On the financial side, John Naglick, Detroit’s finance director, says it’s too soon to give a thorough overview of the redrawn financial picture, and that tweaks to the Plan of Adjustment – the blueprint for post-bankruptcy finances – are inevitable and ongoing, mainly in the area of pensions, through adjusting actuarial tables for pension planning. But discharging the city’s bonded indebtedness, assumed under the Kilpatrick administration, left some much-needed breathing room.

Click to listen to John Naglick
“It’s allowed us to take money that used to have to go to things that weren’t visible to the citizens and people that come to the city to do work, and allowed us to put a lot more resource toward improving police and fire,” as well as hire new workers to deliver much-needed services, Naglick says.

That said, major challenges remain on the administration’s agenda, and Duggan ticks them off – sky-high car insurance rates, faltering schools and high unemployment for city residents. Not all are in his power to change.

But all will reflect on — and influence — day-to-day life in the city. But to Duggan, even for a city that had nowhere to go but up, the trajectory and progress of the climb has been satisfying.

Others are less enthusiastic. Jeffrey Pegg, president of Detroit’s firefighters union, states frankly that departmental morale is “at an all-time low,” due to stagnant pay and a withering firehouse network, as well as other, more profound changes.

Click to listen to Jeffrey Pegg
“Look, the city has to come back, and it will come back, and it is coming back,” Pegg says. “It’s just very difficult when you sit in meetings that say the reason why we got new fire trucks is because they cut retiree health care. …That was a $3 billion savings, my understanding, over a 10-year period of time. … But what about the people that worked for the city that put their lives on the line and when they retire, they don’t have retiree health care?”

Shirley Lightsey, president of the Detroit Retired City Employees Association, calls for pensioners and residents to take responsibility for their own destinies. The retired human resources administrator in the water and sewerage department says performing what we call our civic duty has never been more important.

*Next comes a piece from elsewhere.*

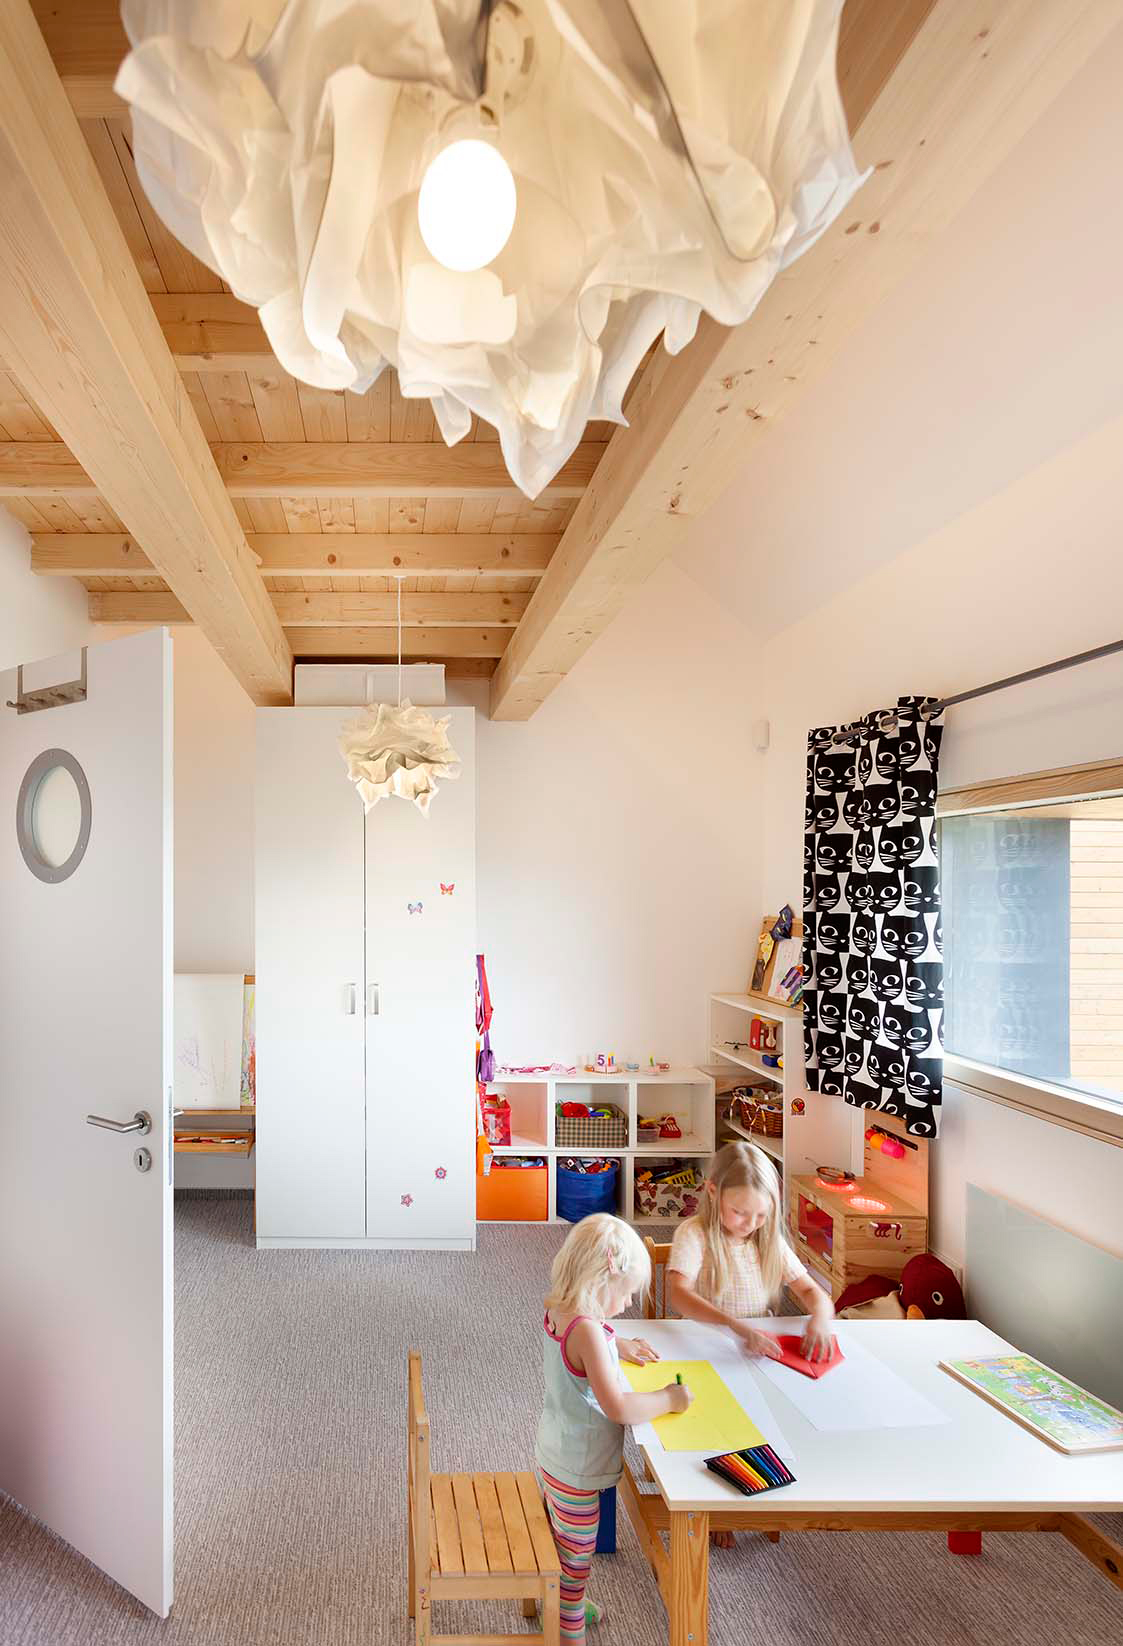 Detská izba je zatiaľ ako jedna miestnosť, ale priestor je už dopredu riešený tak, aby ho bolo možné neskôr rozdeliť na dve miestnosti.

Click to listen to Shirley Lightsey
“I think we have to be a lot more thoughtful and serious as to who we put in office. Because what I see, everyone coming in has their own personal agenda,” she says. “That personal agenda is not necessarily good for the city, the retirees, the actors, the taxpayers or anyone else. … So if nothing else, get out and vote.”

And what of the people who call the city home?

Again, mixed reviews but a hopeful spirit that Detroit is, with much help and a great deal of work, doing what its civic motto declares: Rising from the ashes.

A sample of voices:

Click to listen to Paul A. Garrison II

Paul A. Garrison II: “Bankruptcy in my perspective and opinion professionally was ten years overdue. But fortunately it did finally take place..”

Click to listen to Stephanie Perry

Stephanie Perry: “It’s really important to know that (emergency services) are responding way quicker, that EMS is responding way quicker. Because one minute when it’s an emergency can seem like five compared to eight minutes that’s seeming like 30. So response time is a very big thing to know. That minute is seeming way more than a minute.”